Task statement> Word for word, restate the listing that follows and leave out the images.

[[ Information supplied open ]]

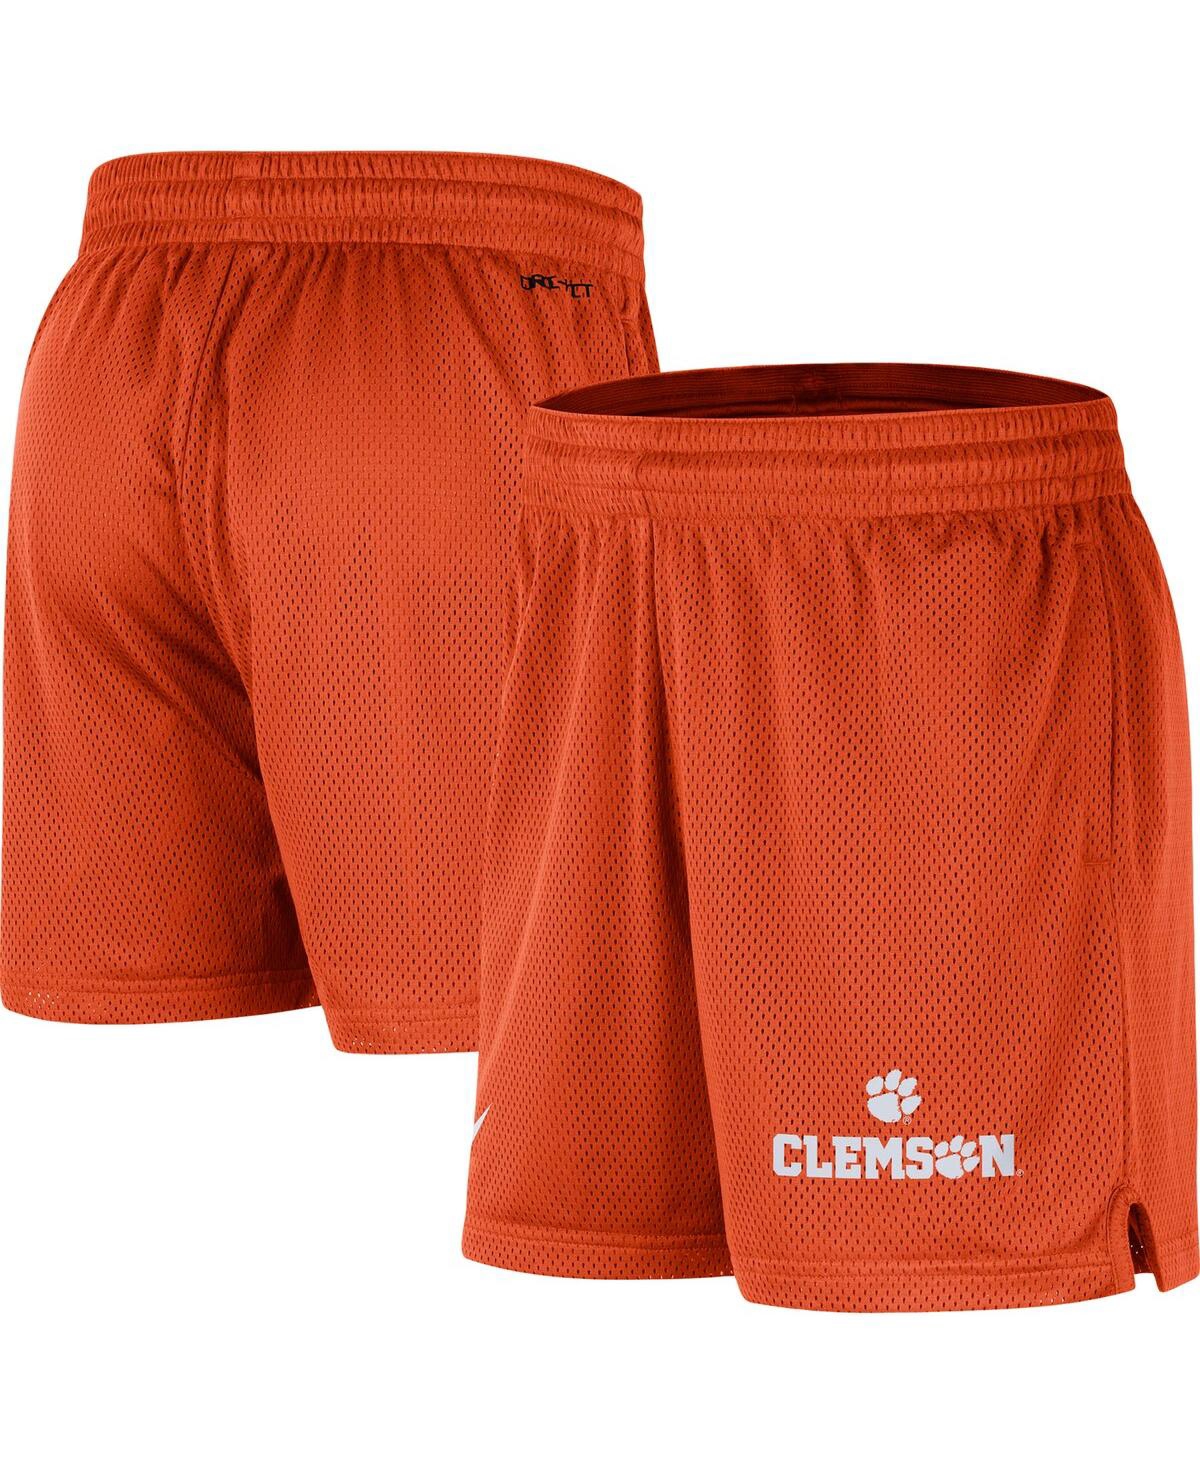 Shop Nike Men's  Orange Clemson Tigers Mesh Performance Shorts
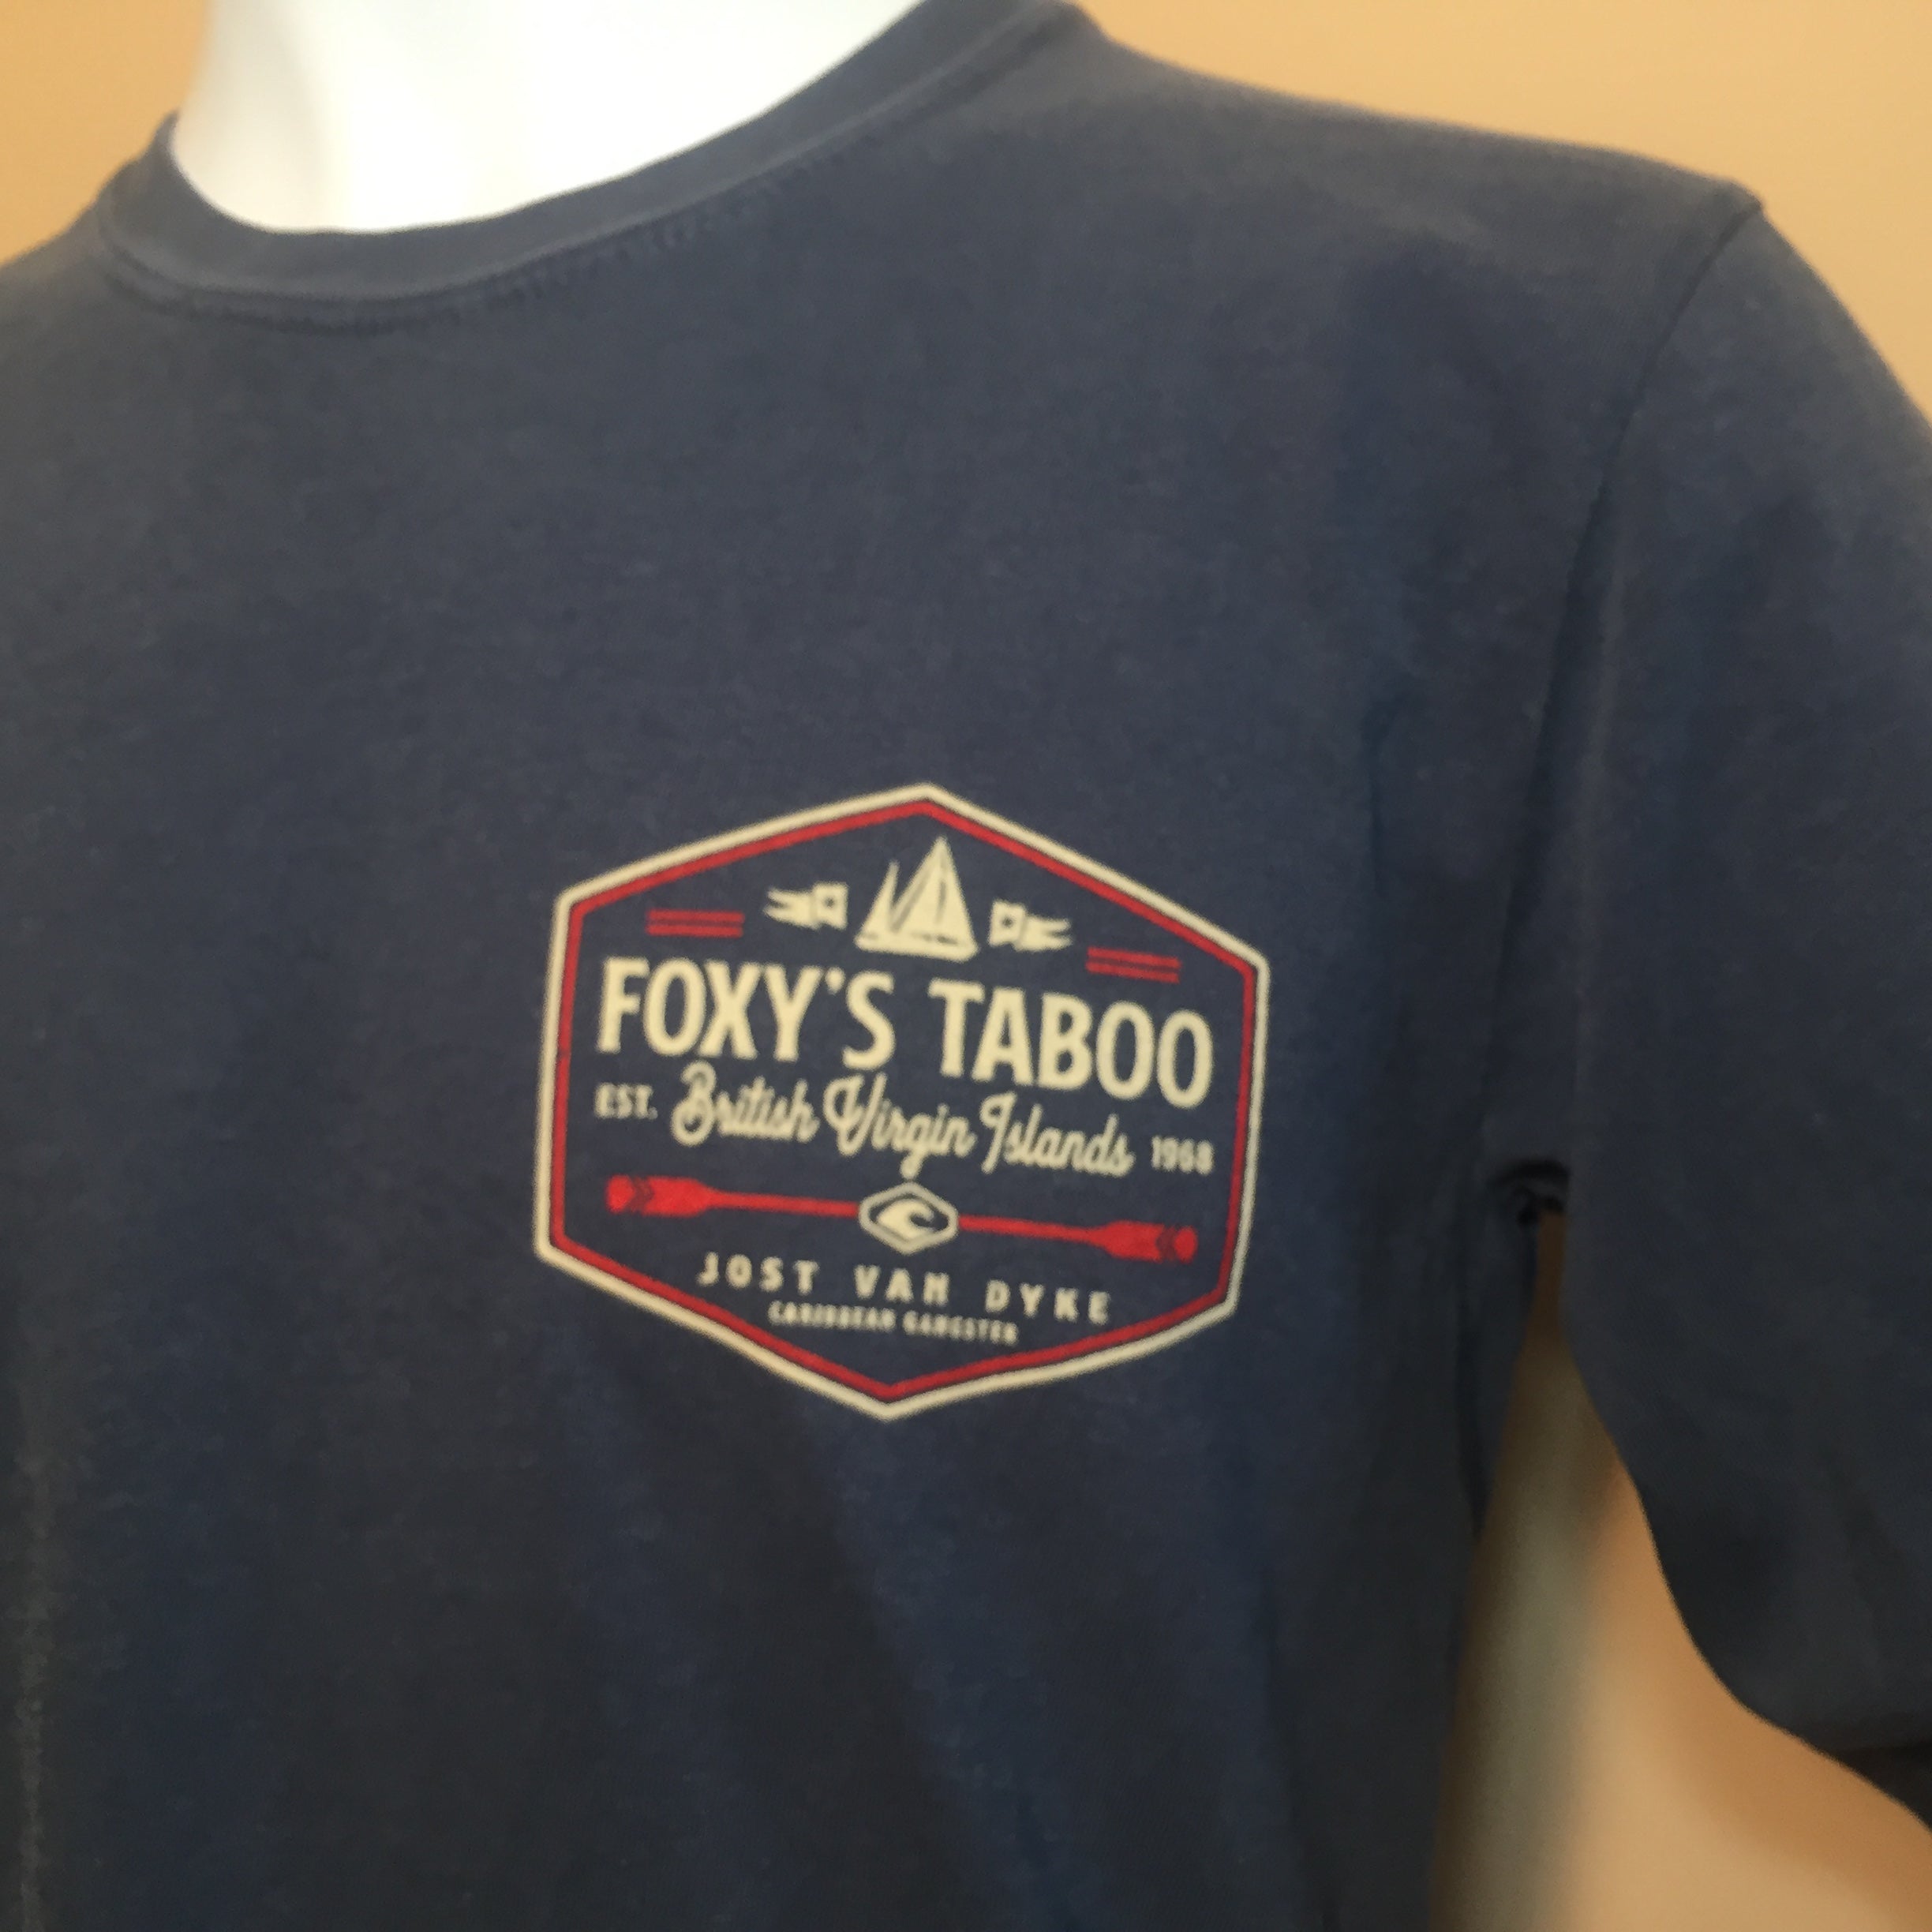 Foxy's 'Taboo Star Sail' Long Sleeve Tee
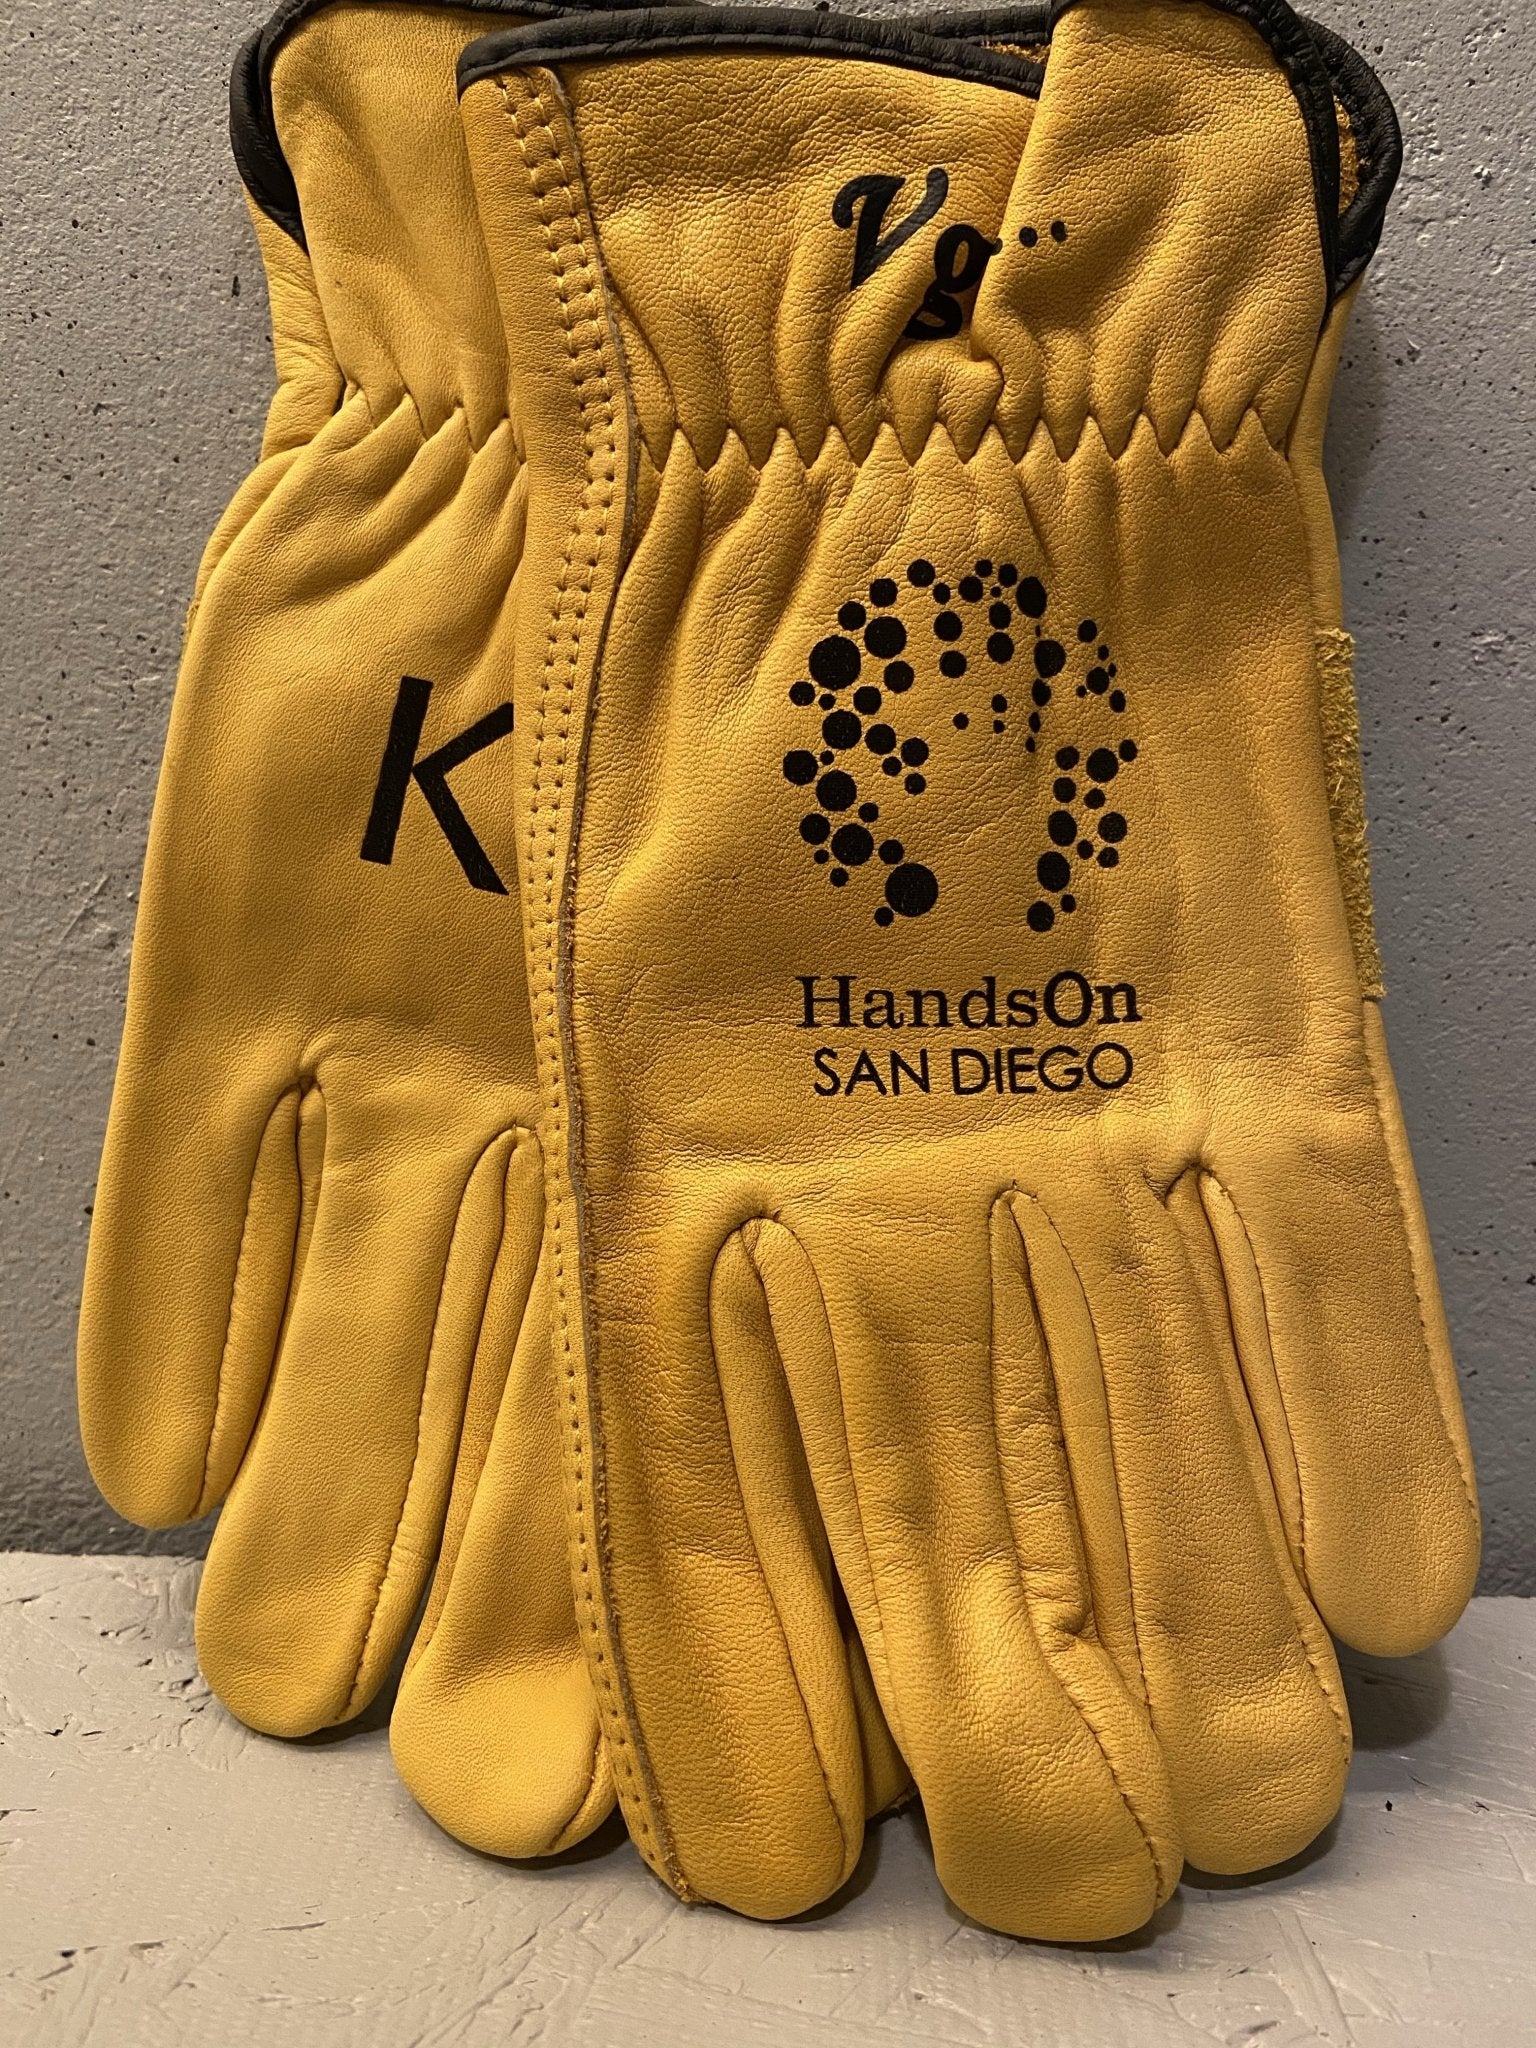 Kids Gloves, Children Gloves, Work Gloves, Customized Personalized

[[ Information supplied closed ]]

Completed exercise>
 Shop Nike Men's  Orange Clemson Tigers Mesh Performance Shorts
 Foxy's 'Taboo Star Sail' Long Sleeve Tee
 Kids Gloves, Children Gloves, Work Gloves, Customized Personalized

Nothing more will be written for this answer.